*** Input data ***
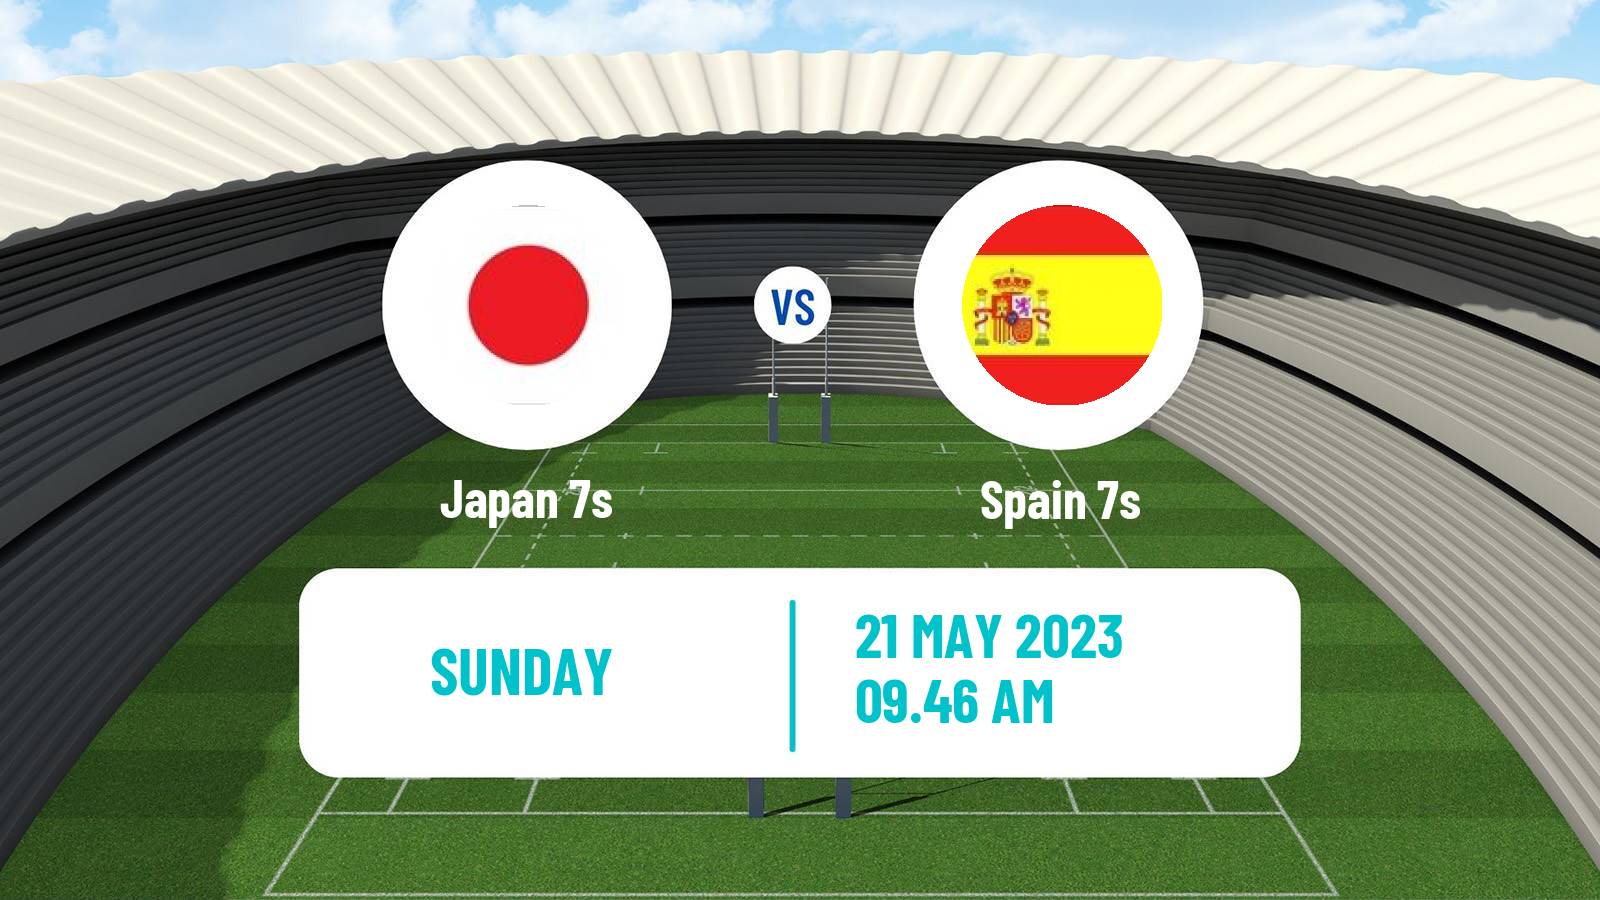 Rugby union Sevens World Series - England Japan 7s - Spain 7s
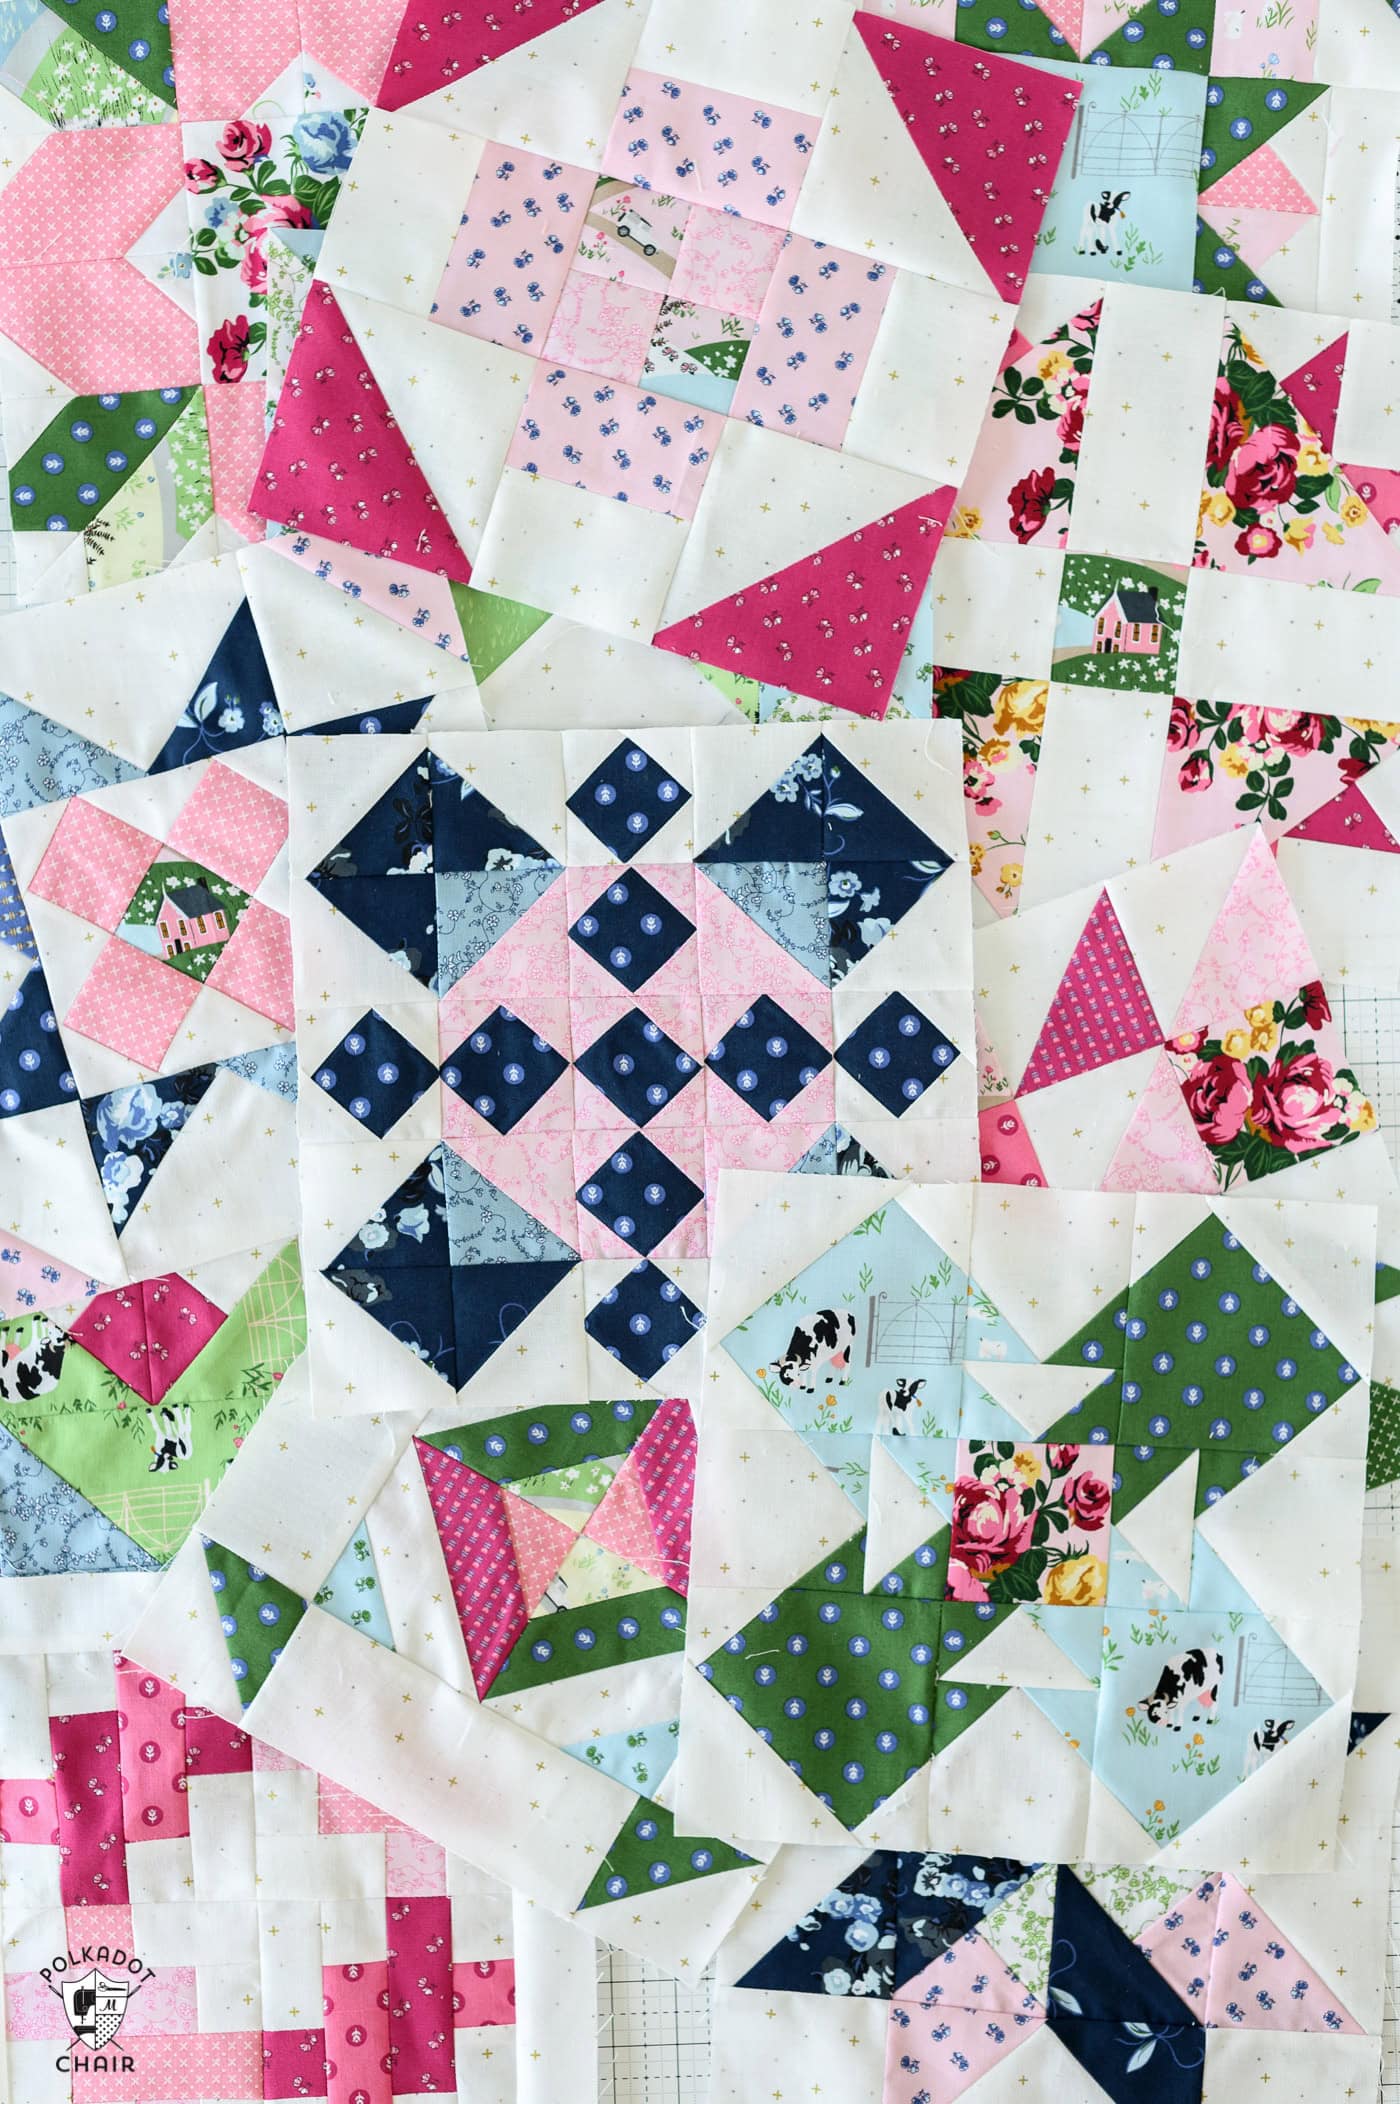 several colorful quilt blocks scattered on white table
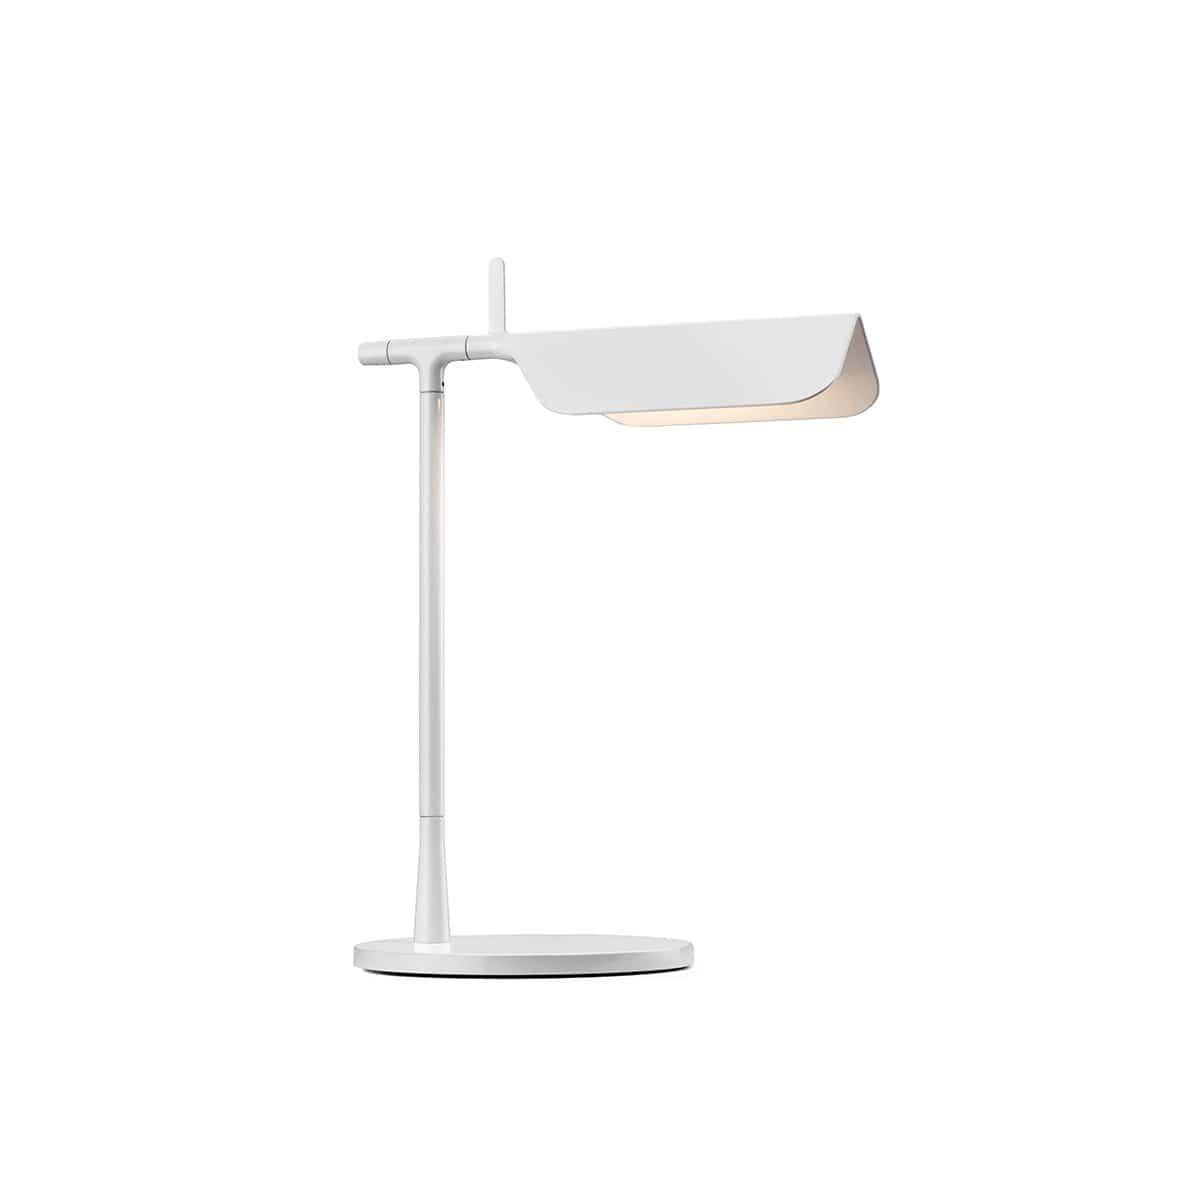 Tab Table 90° Rotatable Head - by Flos exclusively through Curated
*** End of Input data ***
# [Directions]
Any picture in the data is to be skipped, while each line is returned exactly as written.

# [Written response]
 Rugby union Sevens World Series - England Japan 7s - Spain 7s
 several colorful quilt blocks scattered on white table
 Tab Table 90° Rotatable Head - by Flos exclusively through Curated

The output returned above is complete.